# Hi all. Any advice on Orian Capella please.



## Deirdre (Aug 28, 2010)

Desperately seeking information on the Orian Capella van conversion - can only find one for sale and it looks perfect for our requirements, but can find no other information. Can anyone help?


----------



## Zebedee (Oct 3, 2007)

Hi Deirdre

Welcome to the club.

I've moved you to the AutoSleepers forum and made your title a bit more explicit, so you may stand a better chance of some replies. 

I know there are a few members with Orians, but since they are made by AutoSleepers I would be fairly confident about them.

A/S are not perfect (_which of them is_?), but better than most and their after sales support is very good if you do get a problem.

If you think it's worth paying your tenner to subscribe to MHF that will give you access to a "Search" facility. You can then find loads of information and target any posts about Orians.

Dave


----------



## ingram (May 12, 2005)

I can't help with info. on that specific model but although the 'Orion' brand *was* made by Autosleepers I think that they have discontinued it. I did have a bookmark to the Orion website but last time I looked it said of most models 'out of stock'. I cannot locate the website now.
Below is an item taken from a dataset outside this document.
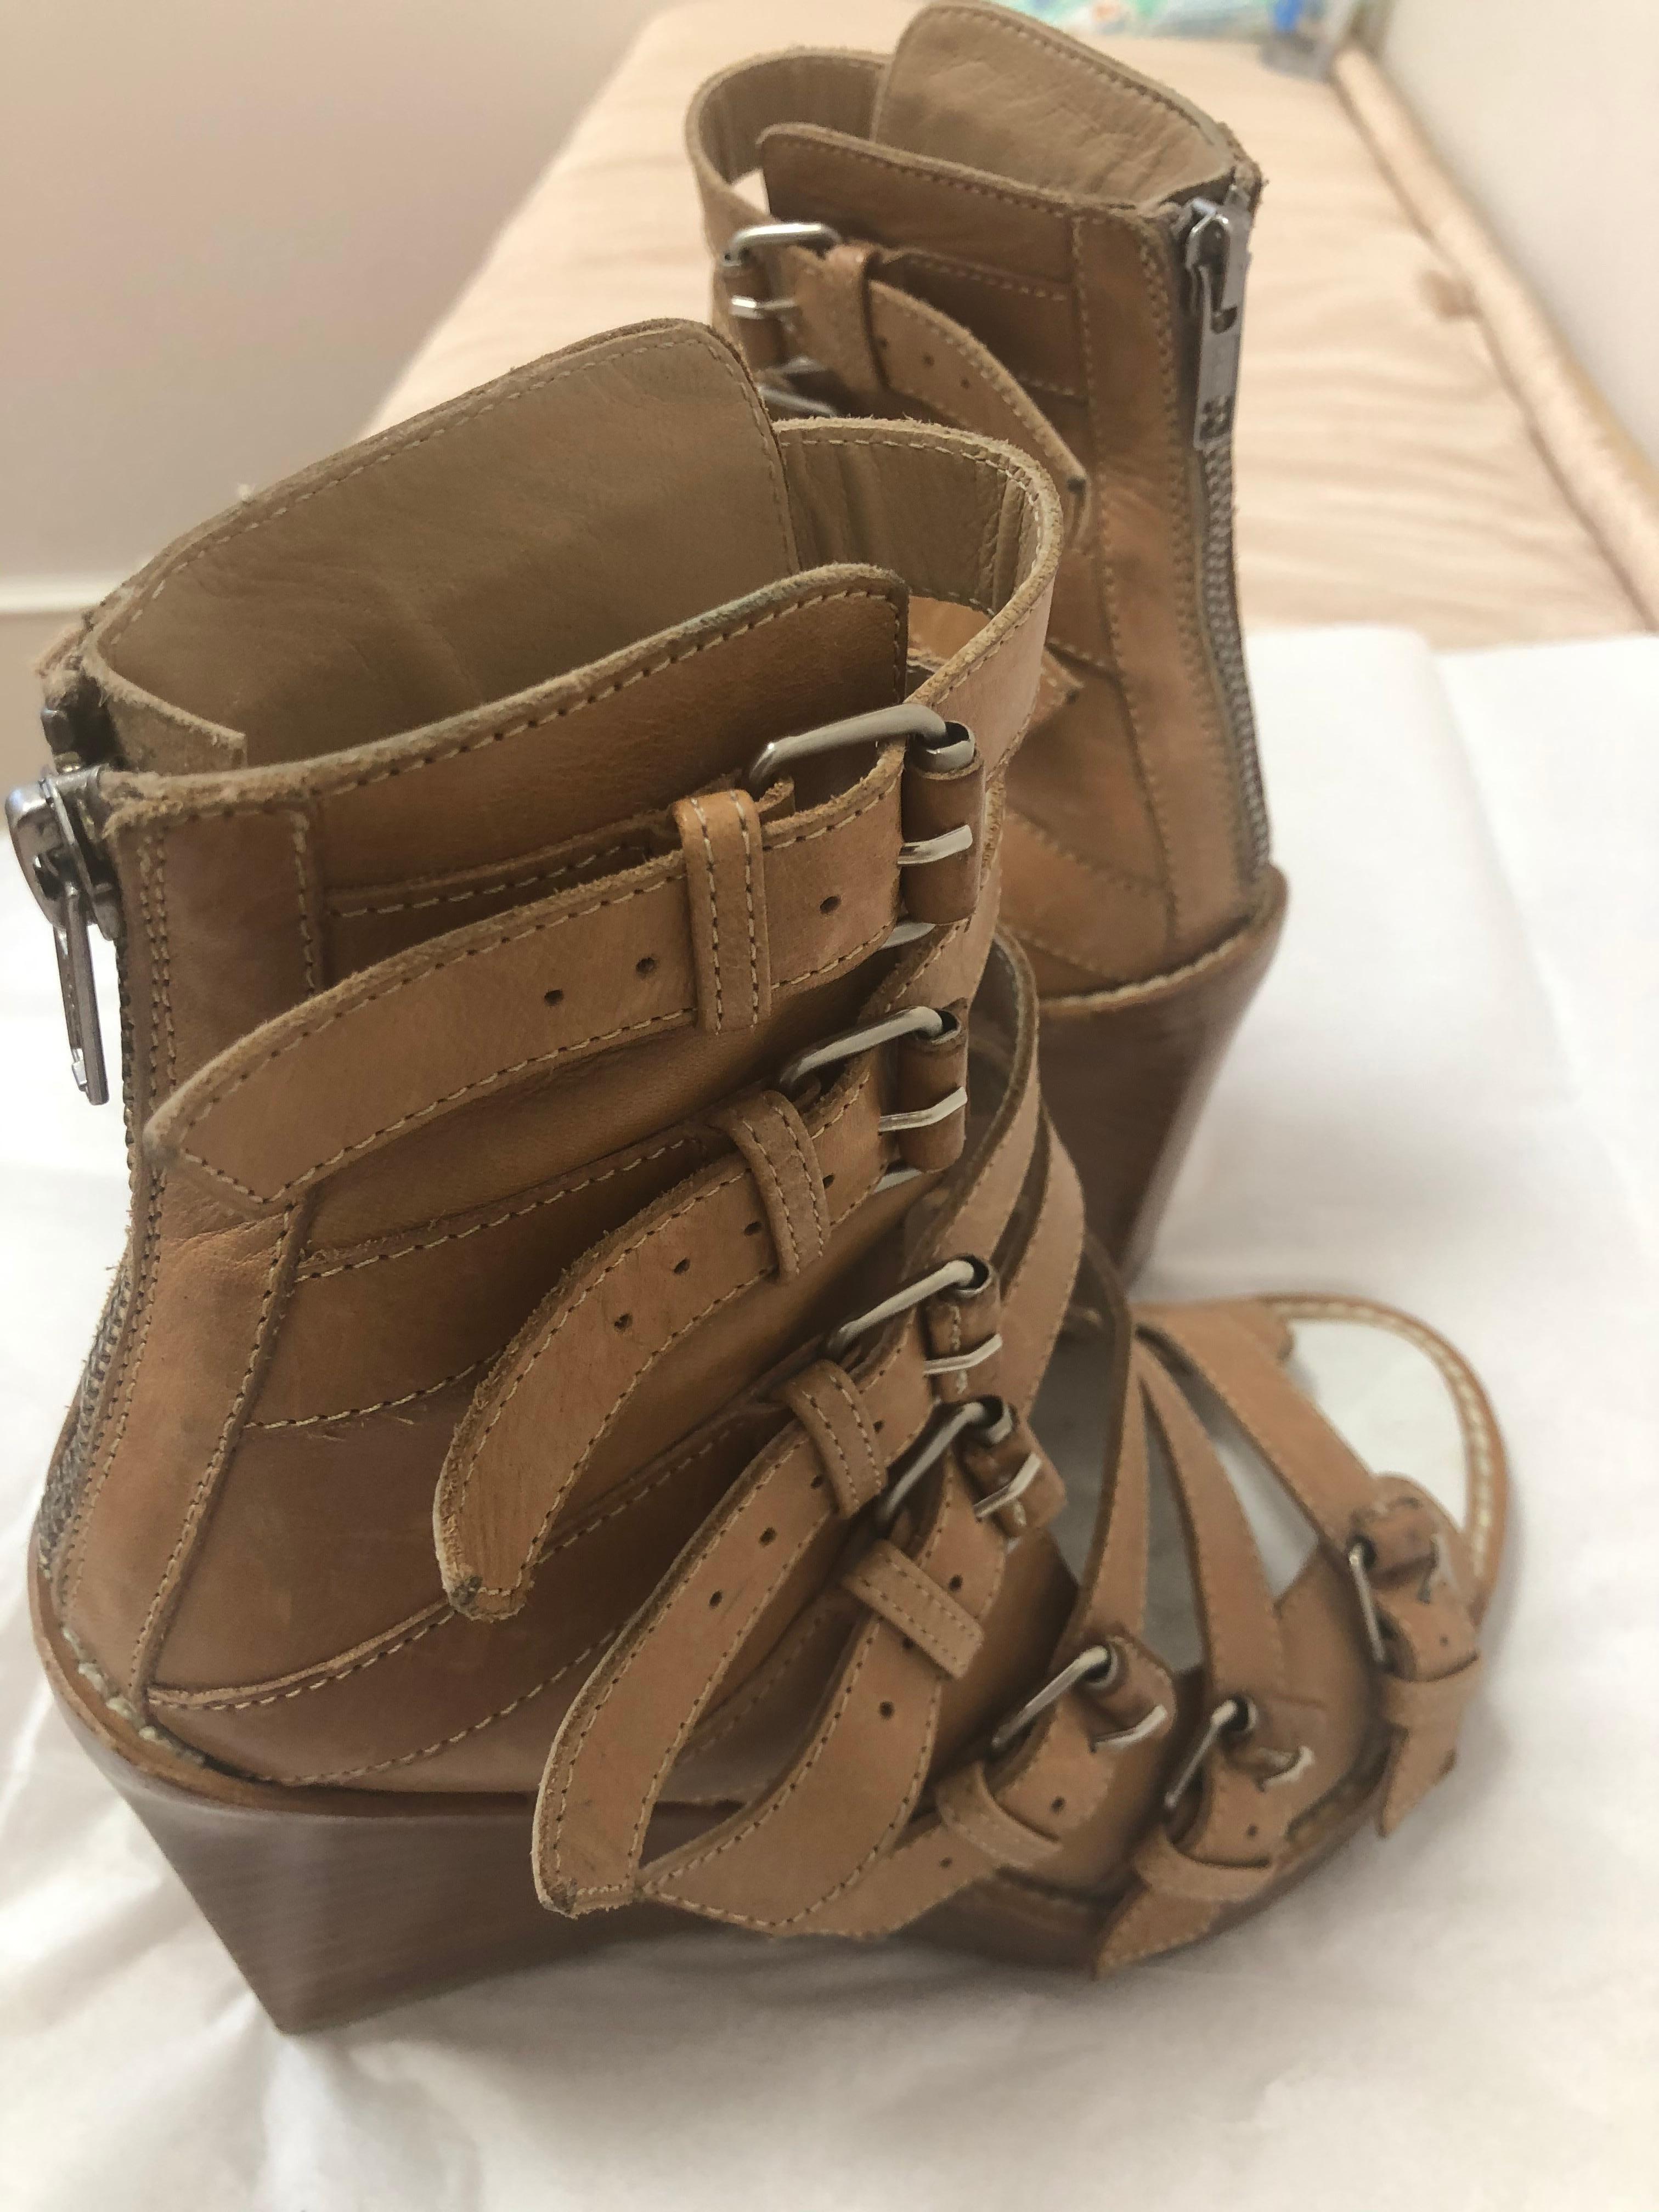 In great condition, these Ann Demeulemeester tan leather open toe gladiator wedges are so fashionable. They come up to your ankle, and although they have adjustable straps for easy wear, there is a zip at the centre back. No need to adjust the

Orions seemed to be 're-badged' Autosleepers with different colourways etc.

Have a look at the Autosleepers website and you may find a version of the Capella under the Autosleepers brand.

Harvey


----------



## ingram (May 12, 2005)

Just looked through my downloaded brochures and find I have one for Orion 2008. It shows the Capella but doesn't give much information.

The Autosleeper brochure for the same year has a similar, but not identical model but it is about 2ft shorter than the Capella.

The current Autocruise website doesn't show a model equivalent to the Orion Capella; the same size 'van is the Warwick but a totally different layout.

It seems that Capella owners may be a 'select few'.  

Harvey


----------